Because the copy must hold no pictures, return the data below with all of its words intact.

> [Supplied information]:
• • •
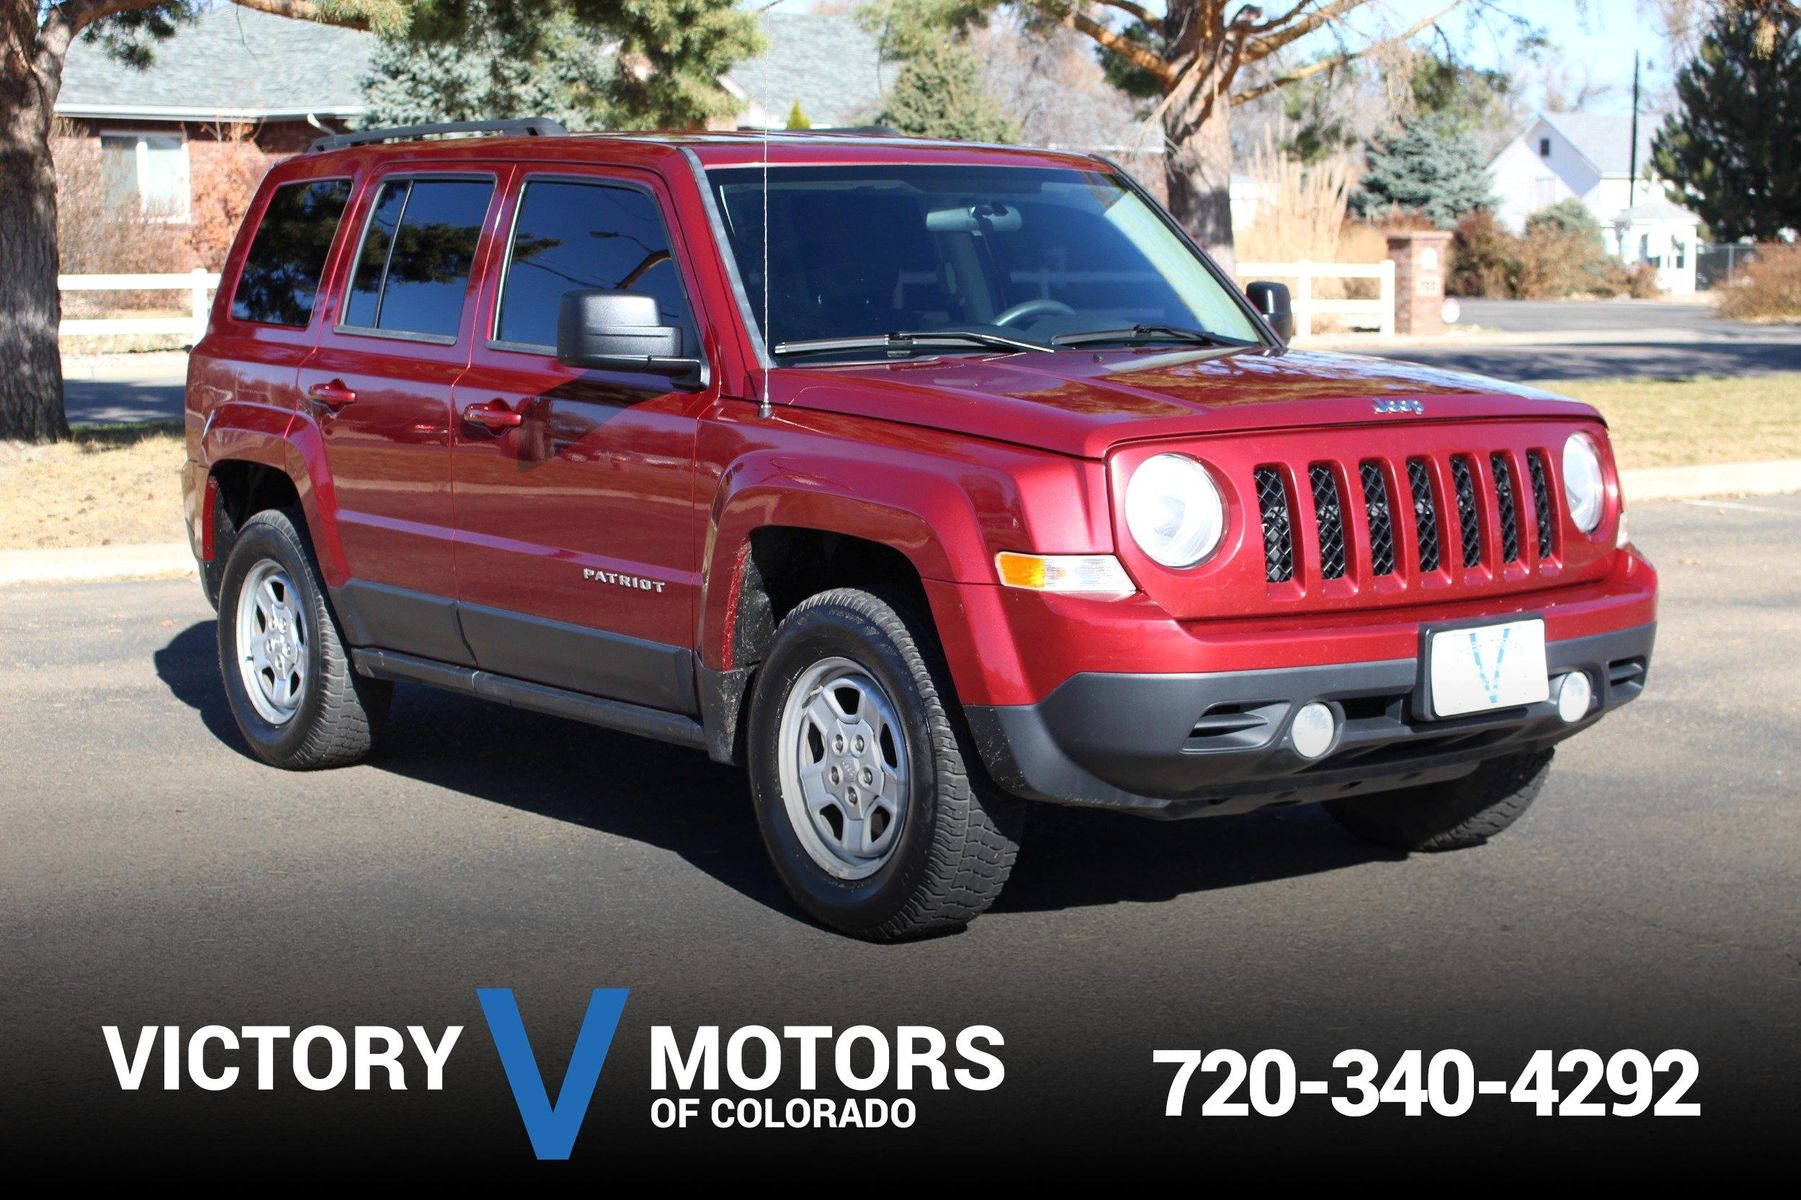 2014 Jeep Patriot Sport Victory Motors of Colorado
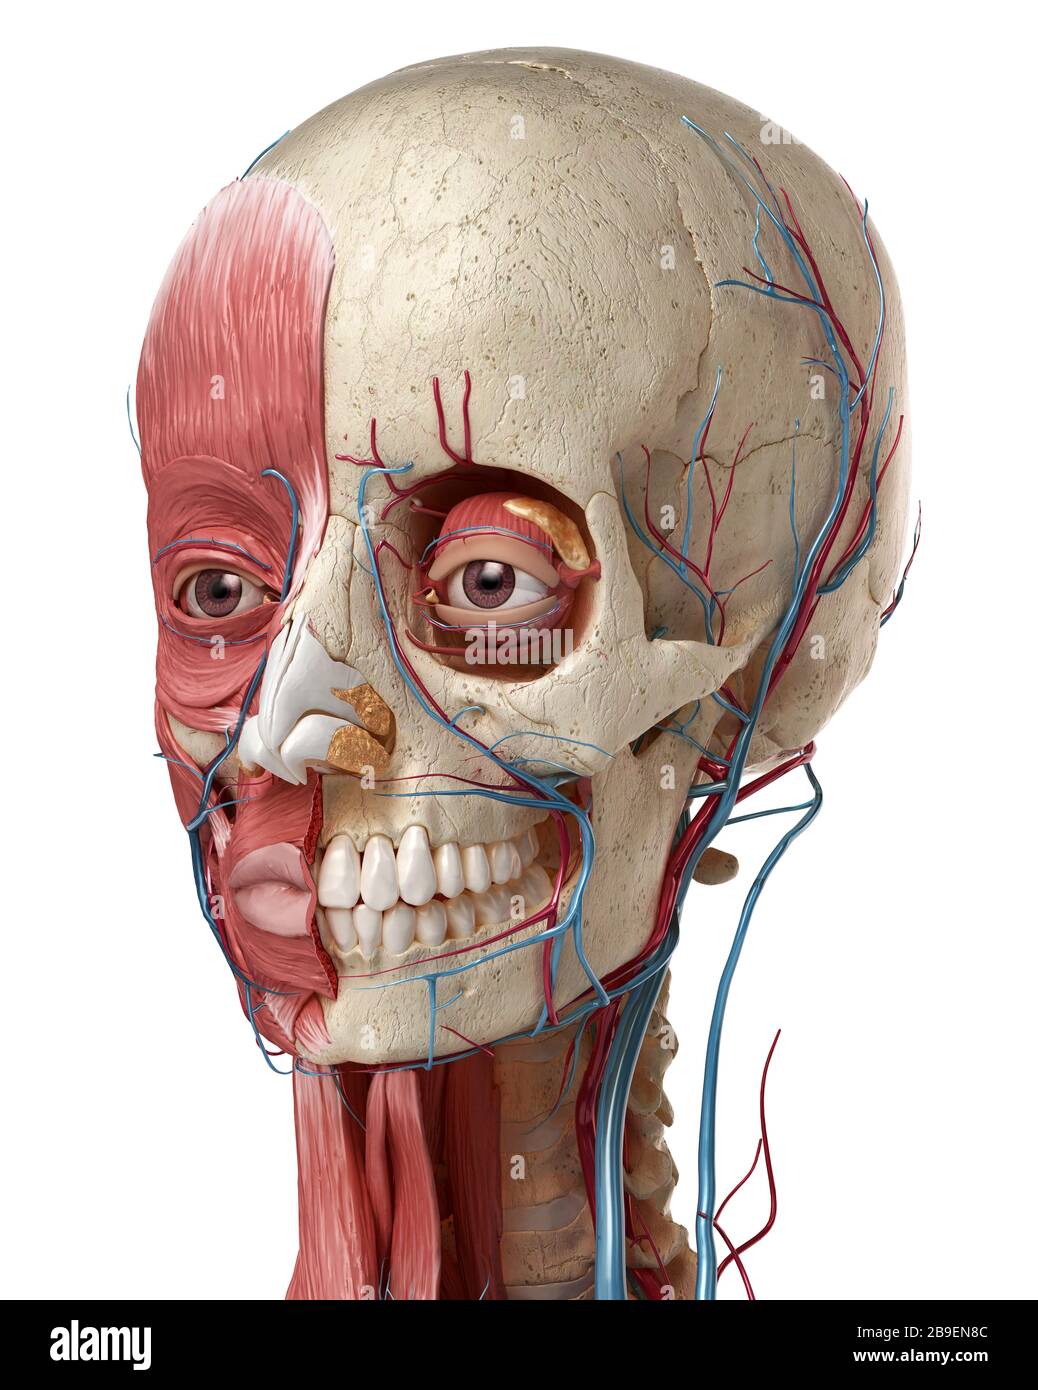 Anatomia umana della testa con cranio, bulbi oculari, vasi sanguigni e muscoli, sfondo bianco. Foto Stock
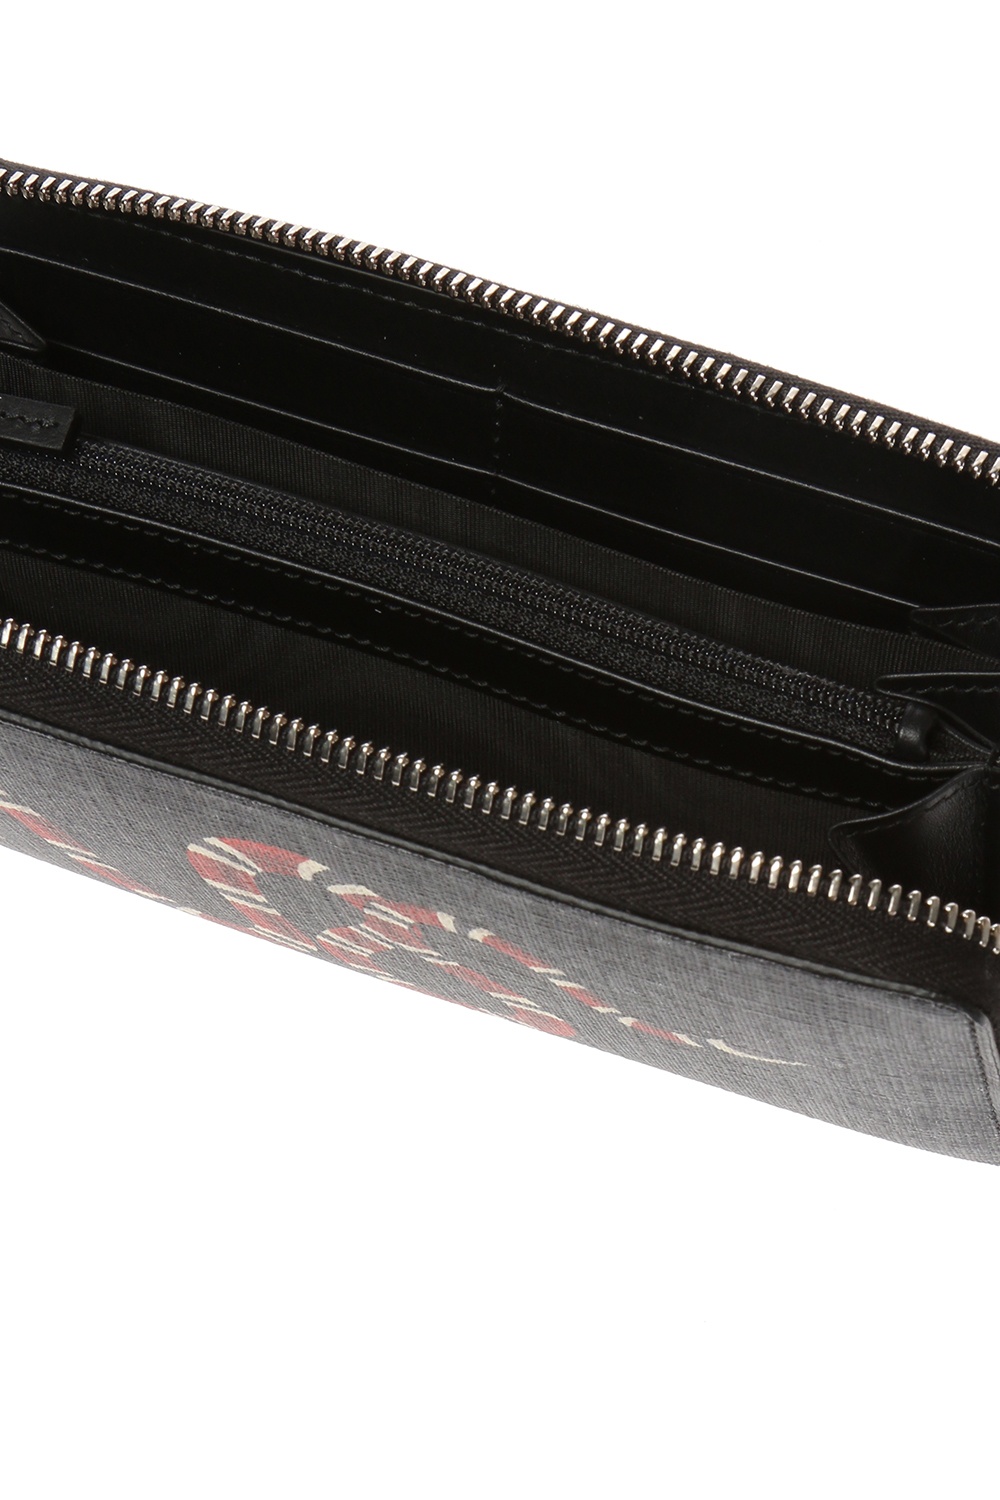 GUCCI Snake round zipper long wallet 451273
• • •
> [Your response]:
 2014 Jeep Patriot Sport Victory Motors of Colorado
 Anatomia umana della testa con cranio, bulbi oculari, vasi sanguigni e muscoli, sfondo bianco. Foto Stock
 GUCCI Snake round zipper long wallet 451273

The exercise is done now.